Problem description:
Once the line containing "Увеличение груди, 6" is located, give it again exactly, together with each line that follows it to the end of the entries, and add nothing else.

Stored data:
<<<<
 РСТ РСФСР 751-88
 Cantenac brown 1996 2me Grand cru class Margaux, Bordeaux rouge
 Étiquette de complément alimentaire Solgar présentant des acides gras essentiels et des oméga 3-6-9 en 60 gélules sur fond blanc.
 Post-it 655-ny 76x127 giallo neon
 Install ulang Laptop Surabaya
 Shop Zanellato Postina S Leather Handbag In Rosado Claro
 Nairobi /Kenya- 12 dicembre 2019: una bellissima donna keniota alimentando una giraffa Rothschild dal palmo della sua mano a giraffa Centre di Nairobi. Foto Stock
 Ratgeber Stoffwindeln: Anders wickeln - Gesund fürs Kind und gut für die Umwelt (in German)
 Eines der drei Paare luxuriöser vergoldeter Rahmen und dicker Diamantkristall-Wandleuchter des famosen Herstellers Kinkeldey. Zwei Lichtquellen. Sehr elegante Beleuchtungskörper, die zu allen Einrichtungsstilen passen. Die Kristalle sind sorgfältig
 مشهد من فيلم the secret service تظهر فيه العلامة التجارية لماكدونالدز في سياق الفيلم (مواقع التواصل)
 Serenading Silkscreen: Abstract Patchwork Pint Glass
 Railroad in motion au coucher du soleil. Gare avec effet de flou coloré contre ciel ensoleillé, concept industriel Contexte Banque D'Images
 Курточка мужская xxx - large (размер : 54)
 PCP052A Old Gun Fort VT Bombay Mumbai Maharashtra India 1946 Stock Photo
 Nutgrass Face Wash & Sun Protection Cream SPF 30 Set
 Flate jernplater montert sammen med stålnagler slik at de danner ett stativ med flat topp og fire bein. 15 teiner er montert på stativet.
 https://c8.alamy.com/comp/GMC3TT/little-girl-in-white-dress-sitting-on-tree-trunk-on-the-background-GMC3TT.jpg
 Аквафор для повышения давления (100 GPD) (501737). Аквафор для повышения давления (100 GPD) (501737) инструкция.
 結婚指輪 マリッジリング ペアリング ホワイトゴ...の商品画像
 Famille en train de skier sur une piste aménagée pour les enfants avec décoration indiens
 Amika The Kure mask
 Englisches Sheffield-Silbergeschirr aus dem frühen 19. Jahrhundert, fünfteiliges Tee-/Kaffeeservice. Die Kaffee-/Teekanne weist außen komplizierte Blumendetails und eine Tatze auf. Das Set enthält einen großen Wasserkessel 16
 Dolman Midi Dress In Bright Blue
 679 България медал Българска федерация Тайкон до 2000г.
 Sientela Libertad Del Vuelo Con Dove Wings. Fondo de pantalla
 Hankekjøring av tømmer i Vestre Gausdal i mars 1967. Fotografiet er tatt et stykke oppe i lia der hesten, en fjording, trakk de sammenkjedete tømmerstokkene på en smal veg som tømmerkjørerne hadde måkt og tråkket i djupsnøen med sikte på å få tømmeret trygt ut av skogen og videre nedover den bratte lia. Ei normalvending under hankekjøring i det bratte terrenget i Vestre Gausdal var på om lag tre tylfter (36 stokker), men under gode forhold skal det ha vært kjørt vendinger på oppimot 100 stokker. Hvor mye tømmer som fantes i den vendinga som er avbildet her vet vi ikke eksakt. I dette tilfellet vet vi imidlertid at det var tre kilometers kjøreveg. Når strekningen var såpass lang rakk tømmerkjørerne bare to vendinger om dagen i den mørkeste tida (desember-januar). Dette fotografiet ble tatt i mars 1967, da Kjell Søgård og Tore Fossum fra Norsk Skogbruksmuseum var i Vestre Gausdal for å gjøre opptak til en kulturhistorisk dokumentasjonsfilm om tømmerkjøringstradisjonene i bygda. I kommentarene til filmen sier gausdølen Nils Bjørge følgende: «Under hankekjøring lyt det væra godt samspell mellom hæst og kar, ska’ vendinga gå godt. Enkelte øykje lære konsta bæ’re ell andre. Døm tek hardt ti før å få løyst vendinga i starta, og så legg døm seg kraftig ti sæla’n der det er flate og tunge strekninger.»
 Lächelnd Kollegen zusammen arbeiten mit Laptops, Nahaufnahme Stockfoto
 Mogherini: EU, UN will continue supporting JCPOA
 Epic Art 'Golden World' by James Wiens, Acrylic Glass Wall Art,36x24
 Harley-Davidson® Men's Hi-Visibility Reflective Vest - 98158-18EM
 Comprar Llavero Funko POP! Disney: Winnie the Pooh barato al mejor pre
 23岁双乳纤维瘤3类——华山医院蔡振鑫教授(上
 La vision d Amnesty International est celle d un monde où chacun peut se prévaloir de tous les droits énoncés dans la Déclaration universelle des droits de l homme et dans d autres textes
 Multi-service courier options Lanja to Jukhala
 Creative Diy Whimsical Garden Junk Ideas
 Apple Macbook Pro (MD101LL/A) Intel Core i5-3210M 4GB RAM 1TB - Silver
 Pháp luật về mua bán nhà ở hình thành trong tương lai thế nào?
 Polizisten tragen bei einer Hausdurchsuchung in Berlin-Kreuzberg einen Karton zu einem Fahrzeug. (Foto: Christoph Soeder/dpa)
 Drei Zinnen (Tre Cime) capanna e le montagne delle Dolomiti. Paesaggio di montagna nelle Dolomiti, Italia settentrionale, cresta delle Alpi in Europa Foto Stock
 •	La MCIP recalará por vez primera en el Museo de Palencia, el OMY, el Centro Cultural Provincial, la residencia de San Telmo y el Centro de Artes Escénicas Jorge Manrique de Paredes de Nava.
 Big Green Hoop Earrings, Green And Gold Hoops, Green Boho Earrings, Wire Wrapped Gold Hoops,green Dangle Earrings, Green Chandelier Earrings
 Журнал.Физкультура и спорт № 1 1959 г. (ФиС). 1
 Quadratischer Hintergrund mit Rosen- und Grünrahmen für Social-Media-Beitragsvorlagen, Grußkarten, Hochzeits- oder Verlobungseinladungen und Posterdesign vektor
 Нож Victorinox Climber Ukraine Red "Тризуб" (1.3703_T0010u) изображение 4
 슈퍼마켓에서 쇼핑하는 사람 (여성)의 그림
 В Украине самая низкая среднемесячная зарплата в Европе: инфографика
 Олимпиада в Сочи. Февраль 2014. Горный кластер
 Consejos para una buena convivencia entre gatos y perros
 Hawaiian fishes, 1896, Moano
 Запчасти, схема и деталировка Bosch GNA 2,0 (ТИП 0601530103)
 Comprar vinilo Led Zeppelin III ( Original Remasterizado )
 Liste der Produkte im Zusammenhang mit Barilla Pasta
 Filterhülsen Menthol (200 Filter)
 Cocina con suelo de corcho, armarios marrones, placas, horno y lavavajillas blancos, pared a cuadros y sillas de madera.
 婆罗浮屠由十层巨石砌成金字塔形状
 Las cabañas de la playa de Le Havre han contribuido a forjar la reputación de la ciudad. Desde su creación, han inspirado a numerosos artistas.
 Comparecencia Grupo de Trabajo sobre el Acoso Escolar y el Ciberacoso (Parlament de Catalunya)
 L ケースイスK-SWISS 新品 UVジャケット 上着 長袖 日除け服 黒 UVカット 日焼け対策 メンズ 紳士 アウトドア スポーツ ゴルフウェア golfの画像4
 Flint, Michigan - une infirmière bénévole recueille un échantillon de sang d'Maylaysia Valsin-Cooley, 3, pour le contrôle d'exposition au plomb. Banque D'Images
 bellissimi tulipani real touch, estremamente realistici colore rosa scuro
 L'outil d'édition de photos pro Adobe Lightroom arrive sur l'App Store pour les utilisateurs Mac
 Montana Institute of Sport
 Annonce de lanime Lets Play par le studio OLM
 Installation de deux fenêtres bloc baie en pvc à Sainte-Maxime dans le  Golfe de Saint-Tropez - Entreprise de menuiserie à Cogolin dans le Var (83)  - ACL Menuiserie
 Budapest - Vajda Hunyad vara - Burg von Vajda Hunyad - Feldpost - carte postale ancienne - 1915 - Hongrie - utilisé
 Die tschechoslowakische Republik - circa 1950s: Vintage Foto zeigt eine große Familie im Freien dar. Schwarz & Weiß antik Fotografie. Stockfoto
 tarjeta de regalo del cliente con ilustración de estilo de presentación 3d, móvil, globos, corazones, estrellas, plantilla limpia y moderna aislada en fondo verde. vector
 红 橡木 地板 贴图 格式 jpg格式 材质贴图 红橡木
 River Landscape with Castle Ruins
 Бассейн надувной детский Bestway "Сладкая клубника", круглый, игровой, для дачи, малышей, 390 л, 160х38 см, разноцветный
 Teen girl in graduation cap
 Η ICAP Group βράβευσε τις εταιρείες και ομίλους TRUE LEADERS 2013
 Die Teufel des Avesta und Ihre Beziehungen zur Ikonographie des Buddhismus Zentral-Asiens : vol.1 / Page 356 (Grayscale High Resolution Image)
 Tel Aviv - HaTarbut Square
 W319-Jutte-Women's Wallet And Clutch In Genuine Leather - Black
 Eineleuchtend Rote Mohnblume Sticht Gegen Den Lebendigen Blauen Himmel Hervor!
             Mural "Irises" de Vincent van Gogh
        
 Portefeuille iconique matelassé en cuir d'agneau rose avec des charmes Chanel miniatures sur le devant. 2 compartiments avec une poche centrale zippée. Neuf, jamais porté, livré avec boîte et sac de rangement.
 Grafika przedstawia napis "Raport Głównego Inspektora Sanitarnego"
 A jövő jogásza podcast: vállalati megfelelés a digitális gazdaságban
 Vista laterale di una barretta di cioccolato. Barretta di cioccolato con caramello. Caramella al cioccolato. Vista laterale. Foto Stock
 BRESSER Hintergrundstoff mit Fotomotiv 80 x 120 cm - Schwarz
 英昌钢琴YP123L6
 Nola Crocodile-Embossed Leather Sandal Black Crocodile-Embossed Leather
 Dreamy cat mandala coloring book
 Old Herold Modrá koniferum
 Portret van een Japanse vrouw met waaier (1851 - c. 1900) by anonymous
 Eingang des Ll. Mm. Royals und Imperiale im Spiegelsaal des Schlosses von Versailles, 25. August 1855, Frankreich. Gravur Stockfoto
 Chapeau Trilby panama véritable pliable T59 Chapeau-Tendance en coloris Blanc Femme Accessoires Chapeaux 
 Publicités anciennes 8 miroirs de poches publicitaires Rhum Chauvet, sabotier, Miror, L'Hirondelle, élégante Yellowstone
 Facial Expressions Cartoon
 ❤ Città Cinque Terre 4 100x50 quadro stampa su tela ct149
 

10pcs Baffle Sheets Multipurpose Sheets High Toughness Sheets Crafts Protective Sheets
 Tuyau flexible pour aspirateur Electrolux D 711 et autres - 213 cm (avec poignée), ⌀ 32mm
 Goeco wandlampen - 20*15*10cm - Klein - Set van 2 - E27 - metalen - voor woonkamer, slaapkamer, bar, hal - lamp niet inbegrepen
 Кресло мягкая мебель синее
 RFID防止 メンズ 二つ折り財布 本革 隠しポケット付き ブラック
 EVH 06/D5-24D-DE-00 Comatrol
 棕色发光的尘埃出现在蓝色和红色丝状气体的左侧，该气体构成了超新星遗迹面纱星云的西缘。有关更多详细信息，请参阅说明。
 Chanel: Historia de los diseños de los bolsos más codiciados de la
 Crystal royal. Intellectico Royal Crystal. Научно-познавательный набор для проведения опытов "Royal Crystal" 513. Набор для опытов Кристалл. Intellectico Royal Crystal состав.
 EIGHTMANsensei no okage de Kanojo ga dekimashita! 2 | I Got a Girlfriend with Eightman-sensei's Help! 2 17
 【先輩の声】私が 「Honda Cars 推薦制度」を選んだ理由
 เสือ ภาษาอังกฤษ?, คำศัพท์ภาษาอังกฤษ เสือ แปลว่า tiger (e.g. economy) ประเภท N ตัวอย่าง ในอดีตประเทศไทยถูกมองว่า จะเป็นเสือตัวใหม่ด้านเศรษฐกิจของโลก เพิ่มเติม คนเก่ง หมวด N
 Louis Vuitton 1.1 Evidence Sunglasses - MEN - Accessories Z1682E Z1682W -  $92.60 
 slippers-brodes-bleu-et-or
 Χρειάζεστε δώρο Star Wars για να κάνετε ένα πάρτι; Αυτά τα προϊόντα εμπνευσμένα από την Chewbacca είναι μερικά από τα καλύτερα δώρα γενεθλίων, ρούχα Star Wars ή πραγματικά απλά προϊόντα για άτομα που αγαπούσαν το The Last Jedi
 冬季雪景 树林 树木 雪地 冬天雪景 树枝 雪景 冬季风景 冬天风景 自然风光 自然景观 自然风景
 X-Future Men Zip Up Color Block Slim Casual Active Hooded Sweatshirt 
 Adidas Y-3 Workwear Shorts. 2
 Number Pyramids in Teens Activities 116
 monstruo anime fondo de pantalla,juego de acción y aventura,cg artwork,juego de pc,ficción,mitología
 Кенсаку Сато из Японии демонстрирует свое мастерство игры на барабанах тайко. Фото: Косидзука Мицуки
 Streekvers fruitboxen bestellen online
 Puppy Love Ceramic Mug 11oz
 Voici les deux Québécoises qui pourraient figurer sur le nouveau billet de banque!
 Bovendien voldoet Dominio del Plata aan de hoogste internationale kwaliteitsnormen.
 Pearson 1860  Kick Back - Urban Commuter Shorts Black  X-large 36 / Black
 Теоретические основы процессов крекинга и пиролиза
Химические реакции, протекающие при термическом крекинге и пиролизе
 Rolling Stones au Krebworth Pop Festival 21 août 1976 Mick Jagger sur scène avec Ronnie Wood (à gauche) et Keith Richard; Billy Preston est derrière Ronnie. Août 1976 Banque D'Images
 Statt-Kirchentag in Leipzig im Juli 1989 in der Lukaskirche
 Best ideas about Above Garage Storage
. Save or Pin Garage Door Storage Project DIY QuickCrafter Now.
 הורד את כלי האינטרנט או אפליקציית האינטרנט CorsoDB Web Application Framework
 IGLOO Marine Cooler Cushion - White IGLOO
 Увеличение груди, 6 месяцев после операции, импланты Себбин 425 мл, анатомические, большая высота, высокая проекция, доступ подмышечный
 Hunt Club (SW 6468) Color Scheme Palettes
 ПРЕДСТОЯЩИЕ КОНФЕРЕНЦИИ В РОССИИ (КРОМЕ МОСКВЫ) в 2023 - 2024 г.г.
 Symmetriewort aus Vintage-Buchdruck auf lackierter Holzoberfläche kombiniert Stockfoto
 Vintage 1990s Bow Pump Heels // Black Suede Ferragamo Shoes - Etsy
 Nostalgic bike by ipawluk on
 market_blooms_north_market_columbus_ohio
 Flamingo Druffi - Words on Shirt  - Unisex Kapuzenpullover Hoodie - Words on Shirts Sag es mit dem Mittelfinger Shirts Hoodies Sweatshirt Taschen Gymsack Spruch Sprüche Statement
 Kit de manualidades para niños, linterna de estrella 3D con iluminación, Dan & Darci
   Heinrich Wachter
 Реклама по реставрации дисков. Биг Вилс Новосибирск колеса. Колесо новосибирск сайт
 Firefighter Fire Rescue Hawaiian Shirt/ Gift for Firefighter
>>>>
Solution below:
 Увеличение груди, 6 месяцев после операции, импланты Себбин 425 мл, анатомические, большая высота, высокая проекция, доступ подмышечный
 Hunt Club (SW 6468) Color Scheme Palettes
 ПРЕДСТОЯЩИЕ КОНФЕРЕНЦИИ В РОССИИ (КРОМЕ МОСКВЫ) в 2023 - 2024 г.г.
 Symmetriewort aus Vintage-Buchdruck auf lackierter Holzoberfläche kombiniert Stockfoto
 Vintage 1990s Bow Pump Heels // Black Suede Ferragamo Shoes - Etsy
 Nostalgic bike by ipawluk on
 market_blooms_north_market_columbus_ohio
 Flamingo Druffi - Words on Shirt  - Unisex Kapuzenpullover Hoodie - Words on Shirts Sag es mit dem Mittelfinger Shirts Hoodies Sweatshirt Taschen Gymsack Spruch Sprüche Statement
 Kit de manualidades para niños, linterna de estrella 3D con iluminación, Dan & Darci
   Heinrich Wachter
 Реклама по реставрации дисков. Биг Вилс Новосибирск колеса. Колесо новосибирск сайт
 Firefighter Fire Rescue Hawaiian Shirt/ Gift for Firefighter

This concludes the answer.